La stagionalità gioca un ruolo importante. In estate, quando il basilico è al suo massimo splendore e i frutti di mare sono più freschi e saporiti, gli spaghetti alle Cinque Terre raggiungono la loro massima espressione. In altre stagioni, si possono utilizzare ingredienti di qualità, ma il sapore sarà inevitabilmente diverso.

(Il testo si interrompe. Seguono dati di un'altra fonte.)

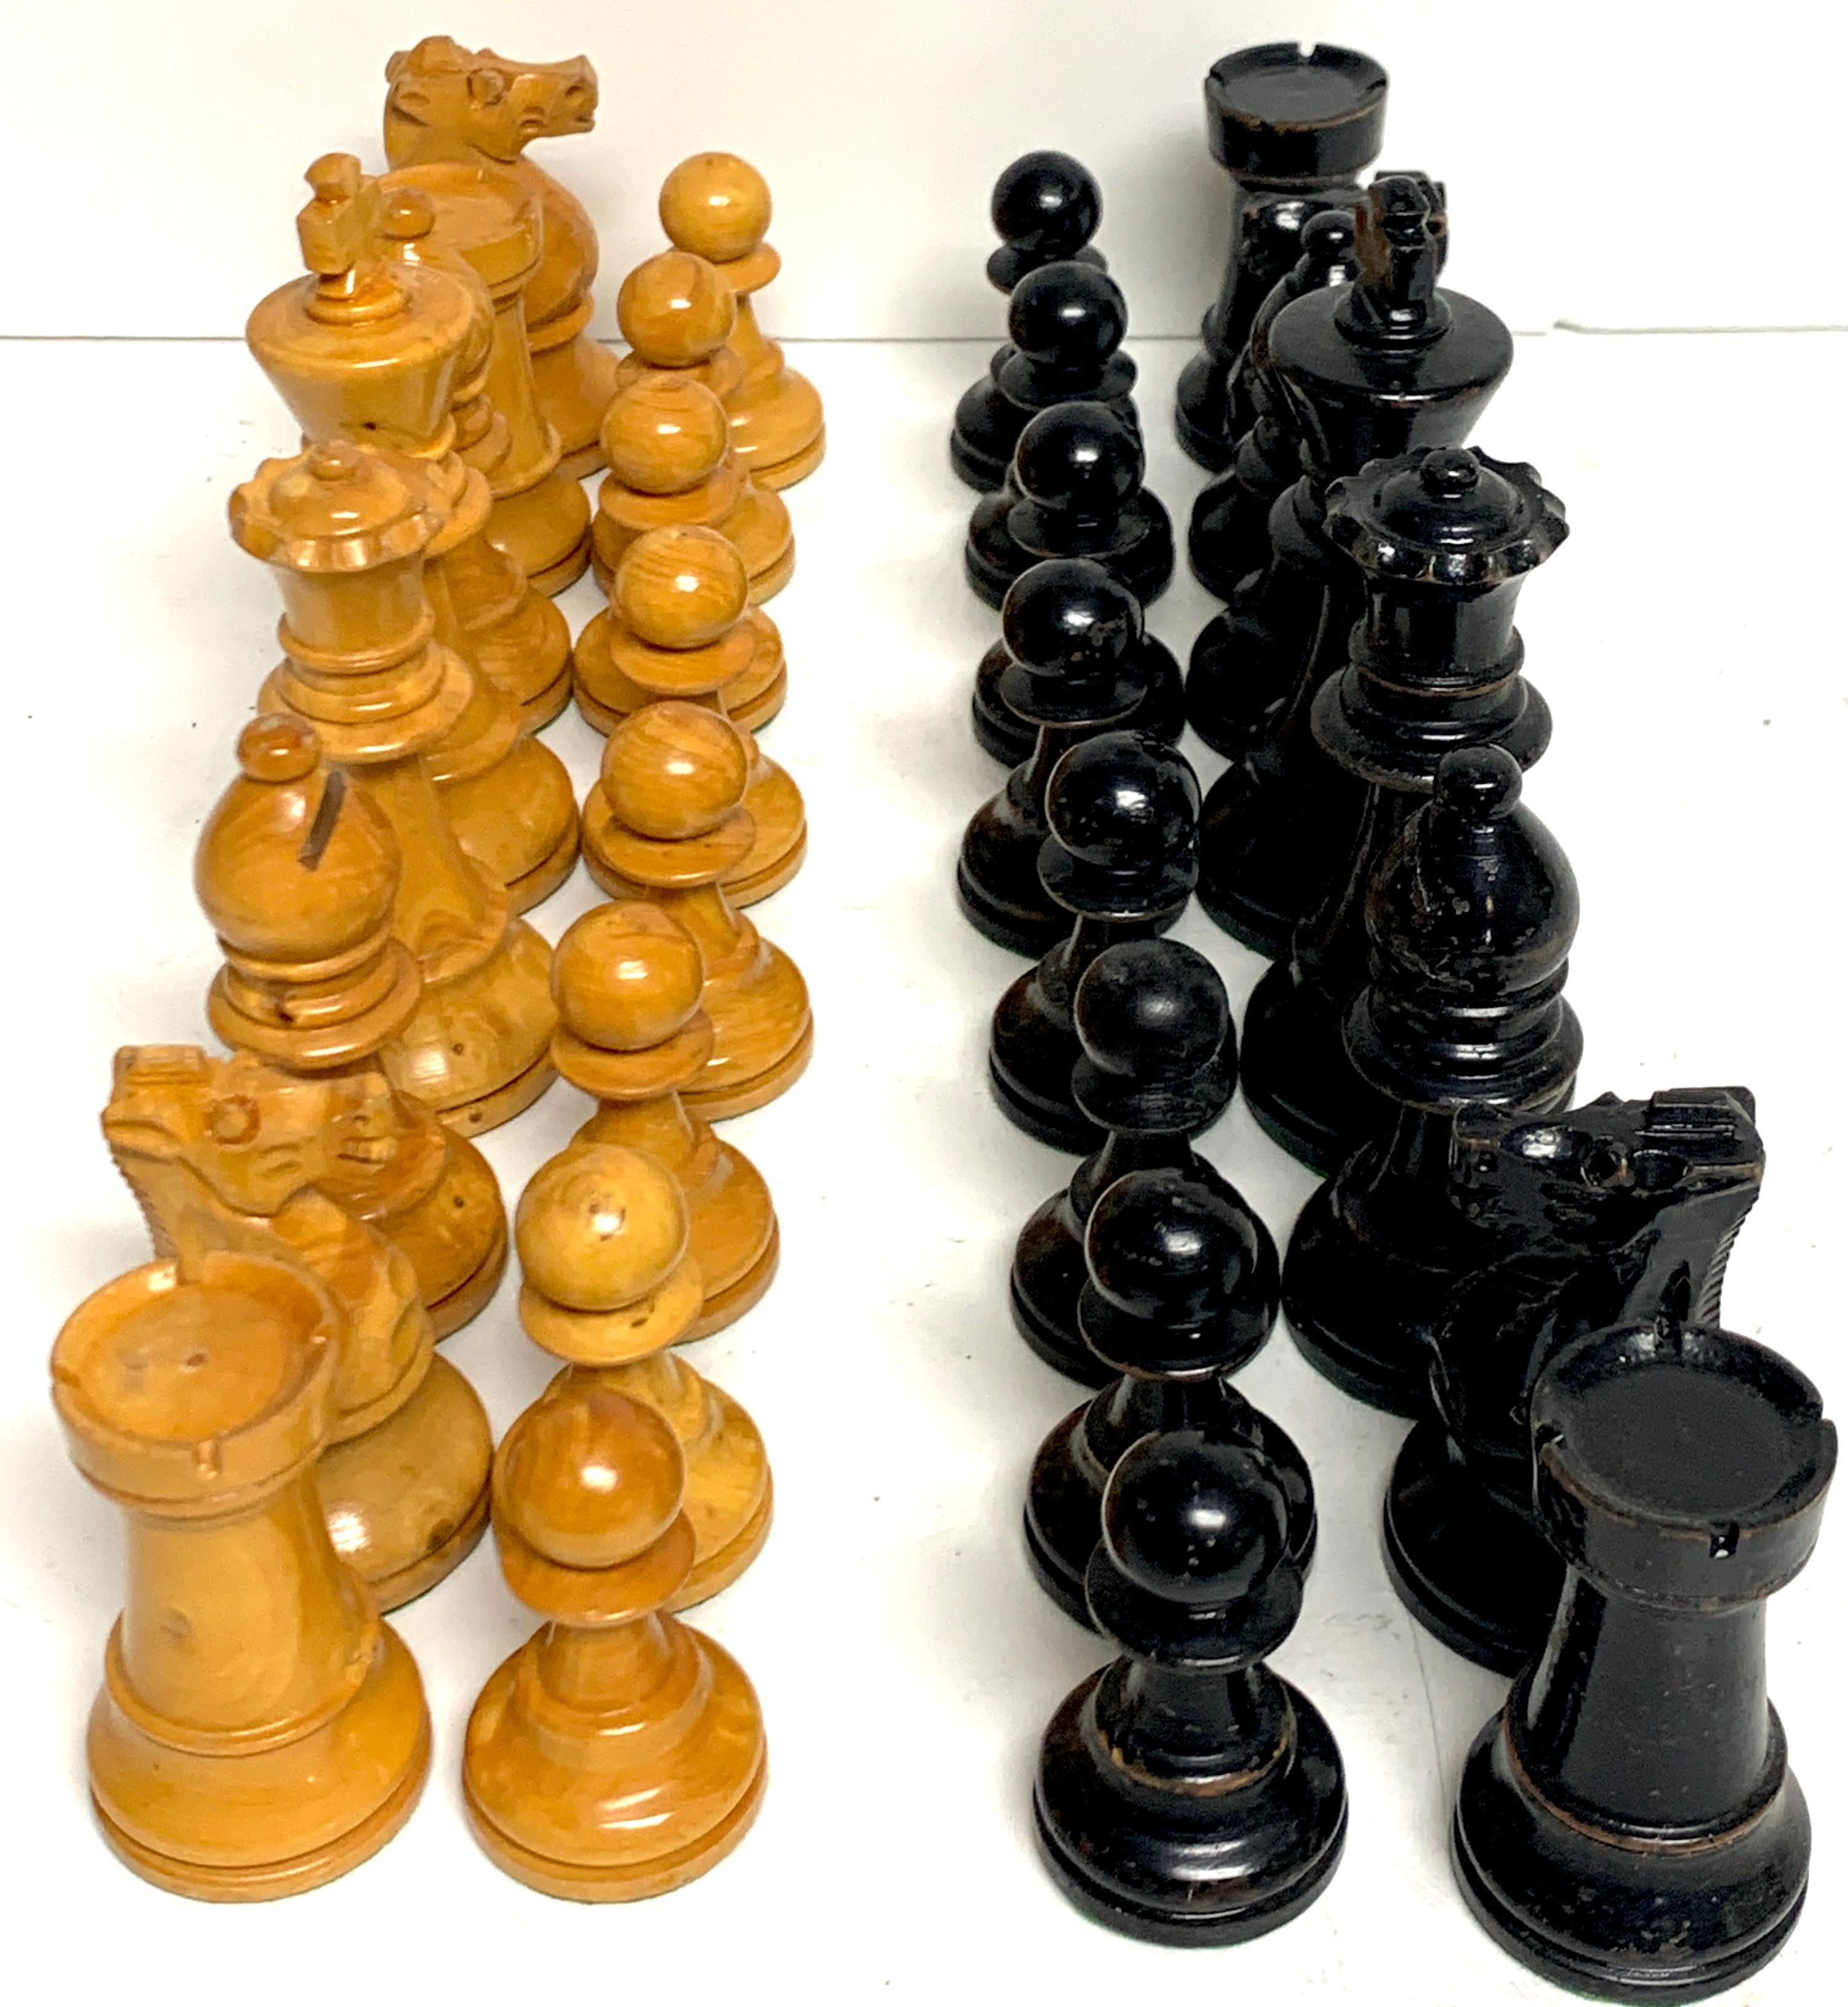 English Victorian carved satinwood and ebonized chess pieces, a complete 32 piece set, subtly carved, nice weight, nice to hold. The tallest piece is 4-inches high.

Consigli per la Degustazione: Abbinamenti e Contesto
Per apprezzare appieno gli spaghetti alle Cinque Terre, è importante gustarli nel contesto giusto. Ideale sarebbe assaporarli in un ristorante tipico delle Cinque Terre, con vista sul mare, magari accompagnati da un bicchiere di vino bianco ligure, come un Vermentino o un Pigato. Il profumo del mare, la brezza marina e il sapore autentico del piatto si fonderanno in un'esperienza sensoriale indimenticabile.
Per quanto riguarda l'abbinamento con il vino, un Vermentino delle Cinque Terre, fresco e minerale, è l'ideale per esaltare i sapori del pesto e dei frutti di mare. In alternativa, si può optare per un Pigato di Riviera Ligure di Ponente, più strutturato e aromatico, o un Cinque Terre DOC, un vino bianco secco e sapido prodotto con uve Bosco, Albarola e Vermentino. Un vino bianco ligure leggero e fresco, con un bouquet di erbe aromatiche come salvia, rosmarino e timo, e un finale con nuance di cedro.

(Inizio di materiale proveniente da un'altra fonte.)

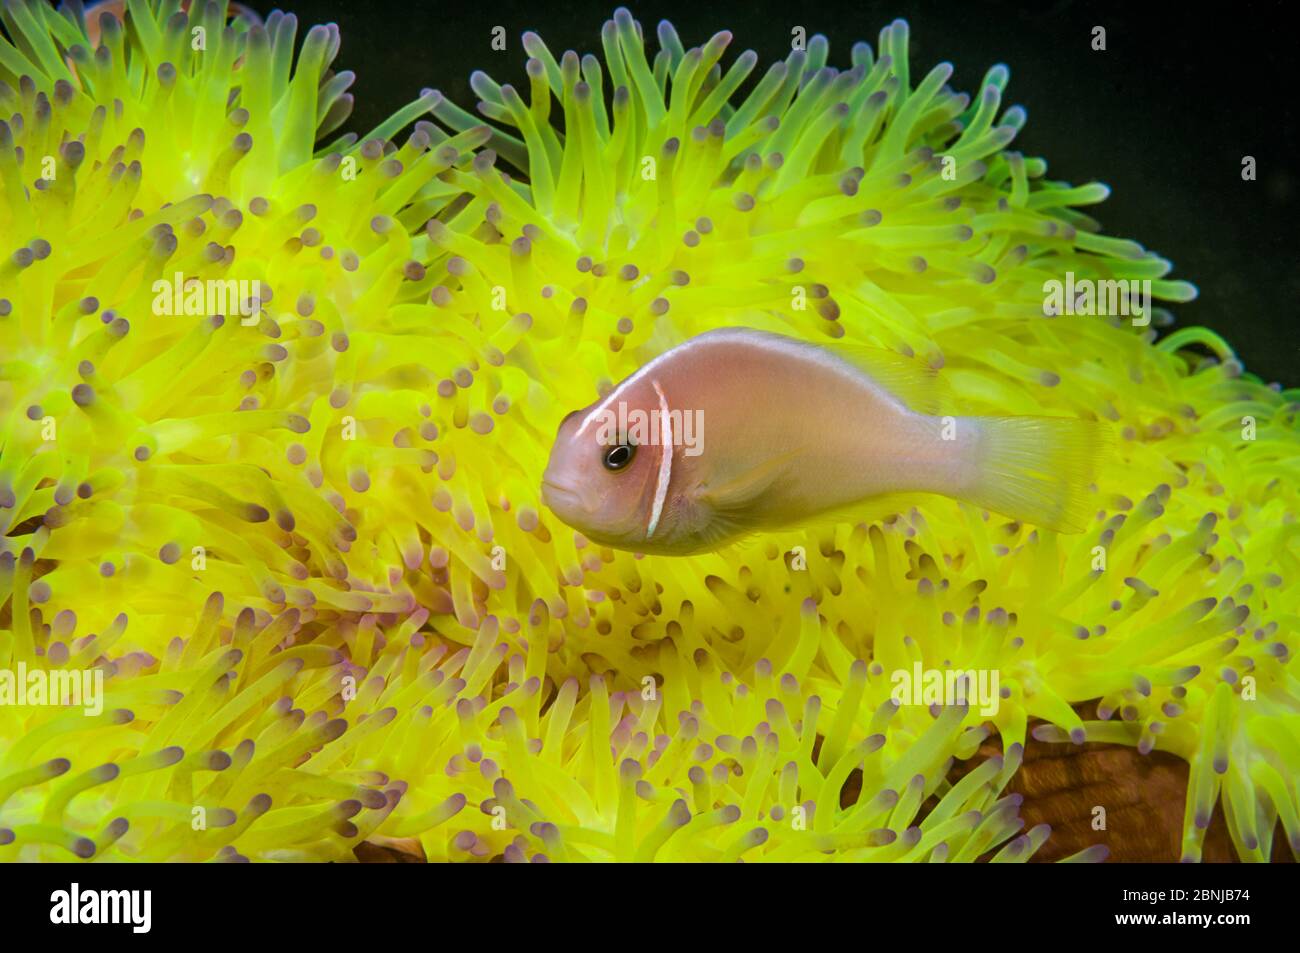 Pink anemonefish (Amphiprion perideraion) with host anemone (Heteractis magnifica) Bunaken National Park, North Sulawesi, Indonesia. Stock Photo

Un vino rosato asciutto, preferibilmente prodotto con uve autoctone italiane come il Cerasuolo d’Abruzzo, può rappresentare un’alternativa intrigante. Il suo carattere fruttato e il corpo leggero si integrano splendidamente con i sapori delicati degli spaghetti alle vongole, offrendo un abbinamento inaspettatamente piacevole. Un rinfrescante e tonico vino rosato abruzzese a base di uve Montepulciano, affinato in vasche di cemento per 8 mesi.

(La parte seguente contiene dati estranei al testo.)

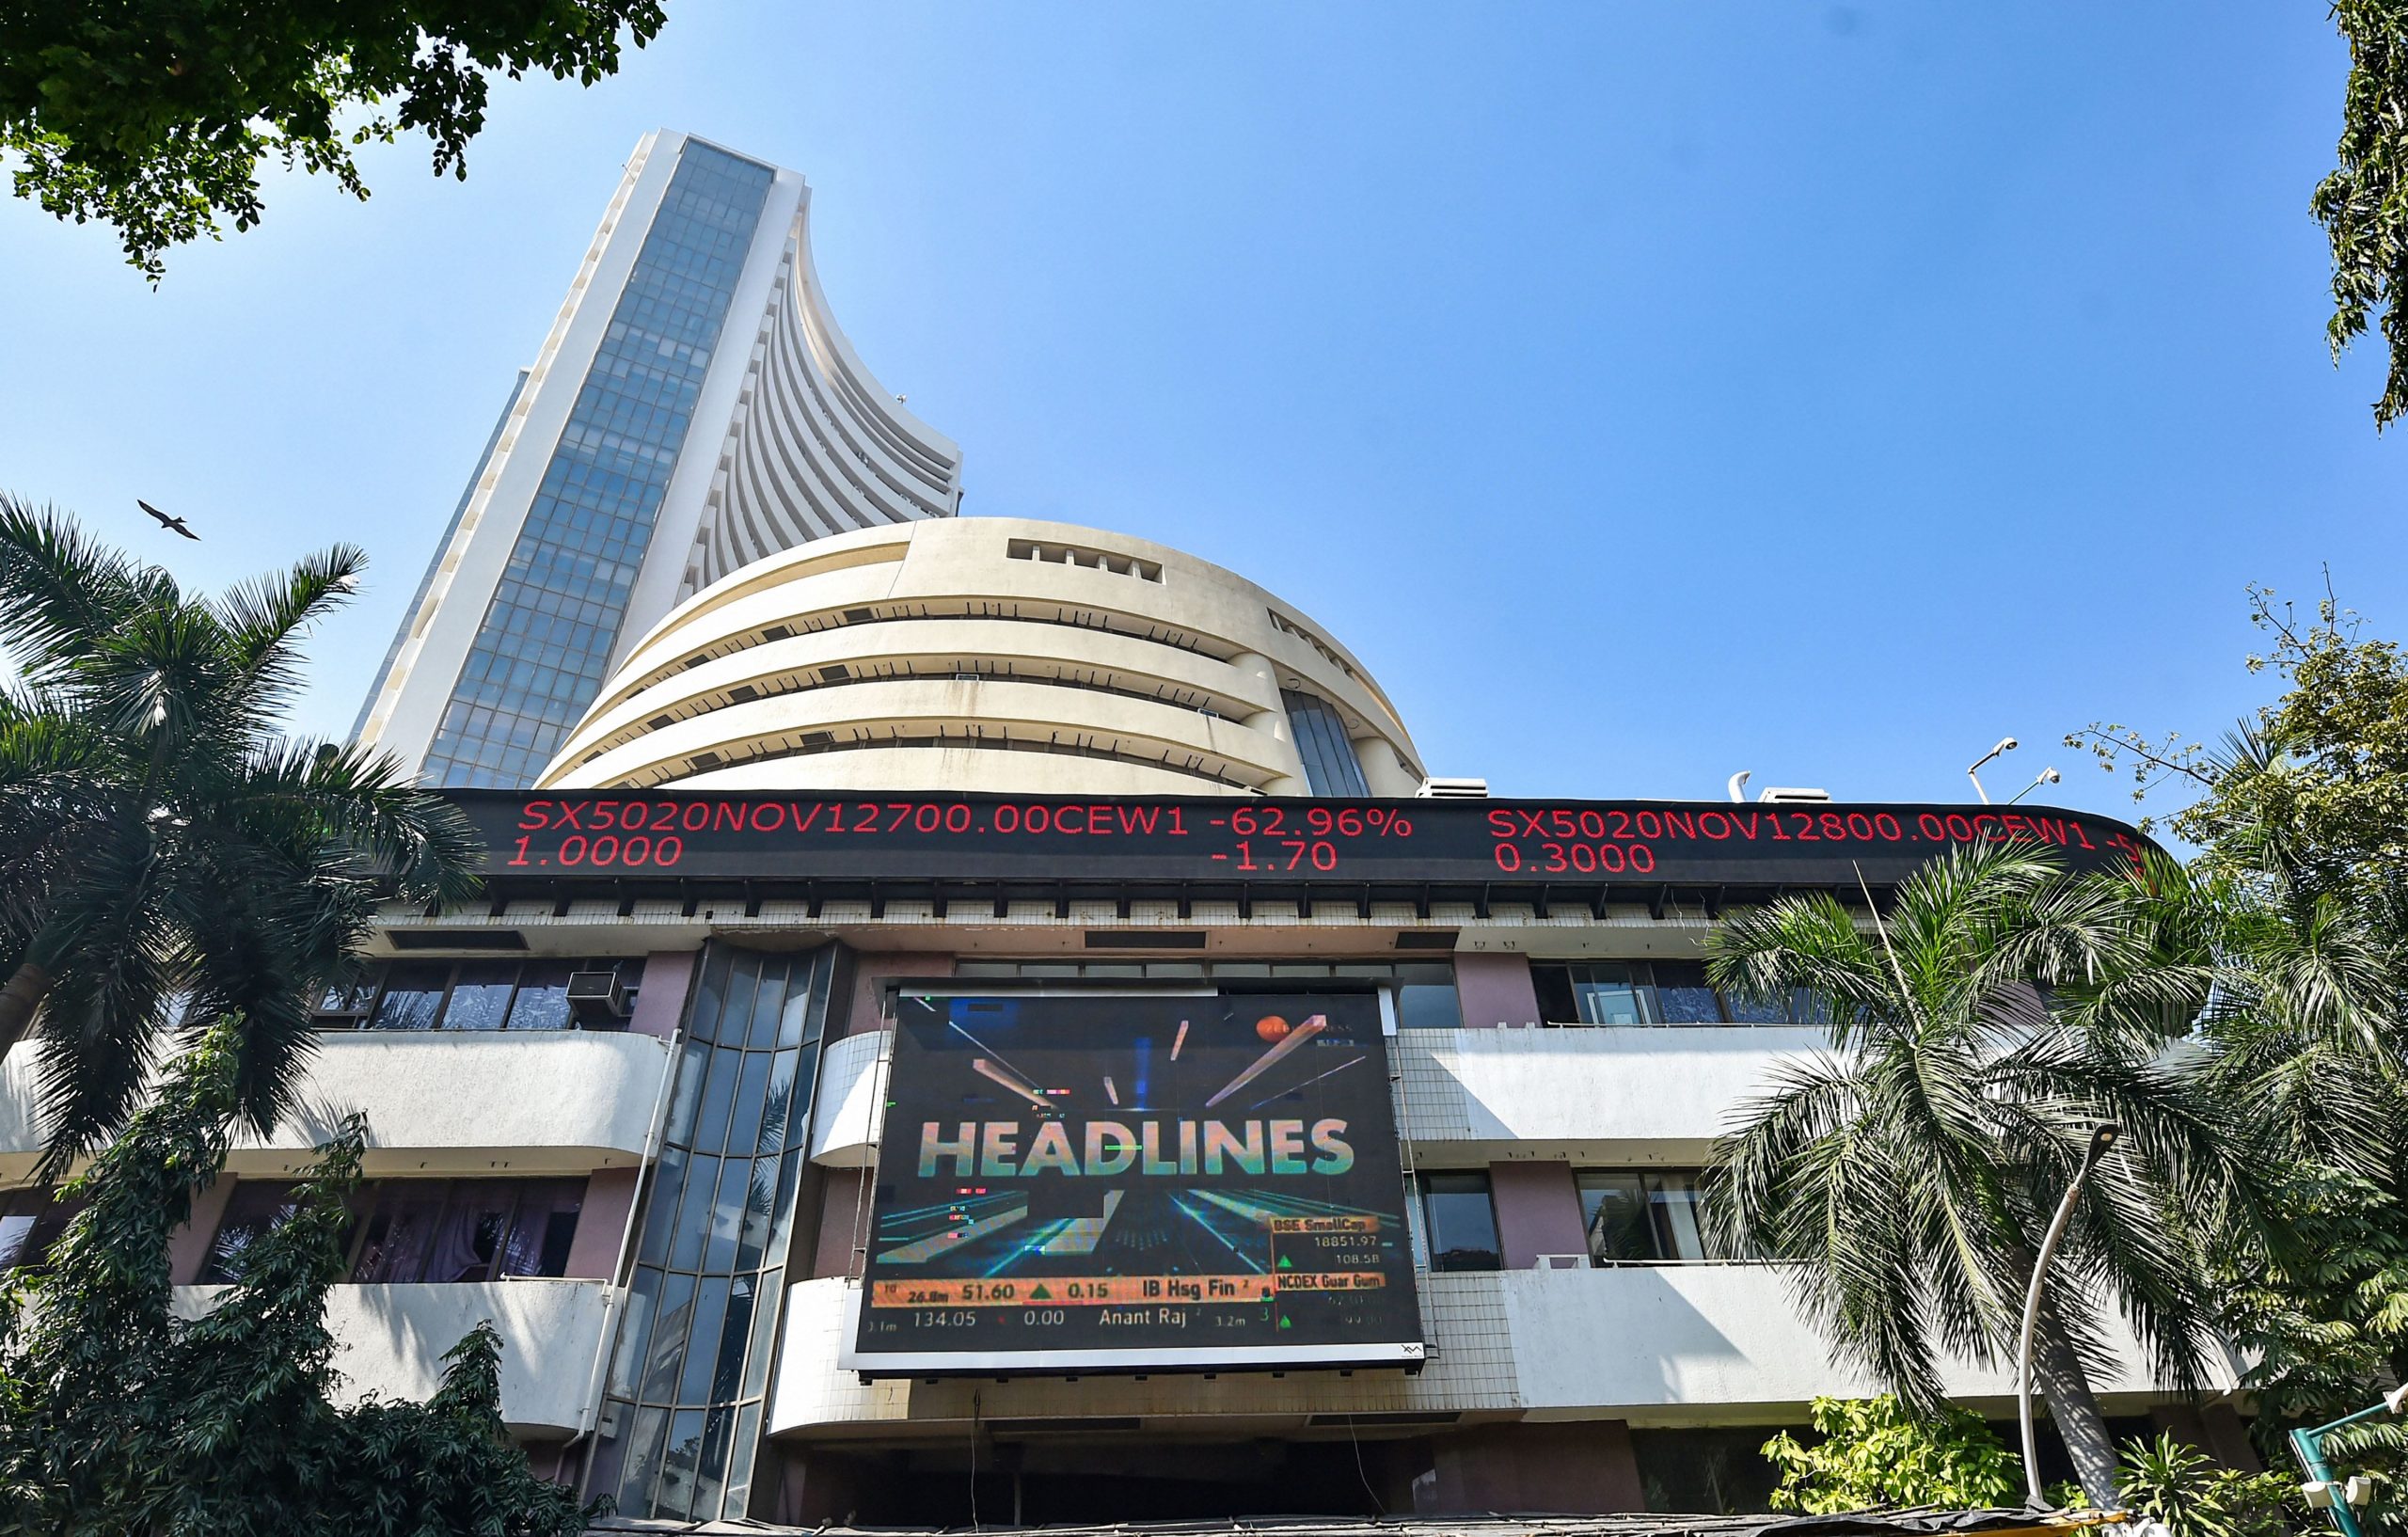 Trending Stocks: Hindalco, Coal India, Glenmark and others in news today

Se invece desiderate elevare l’esperienza culinaria a un livello di eleganza, osate con uno Champagne. La sua effervescenza e acidità ben bilanciata si sposano sorprendentemente bene con la leggera dolcezza delle vongole. La freschezza, l’acidità e il lievito tipici dello Champagne creano un affascinante contrasto con il sapore salmastro delle vongole, donando al palato una combinazione indimenticabile. Un Brut ricco ed elegante della Cote des Bars, ottenuto da Chardonnay e Pinot Nero.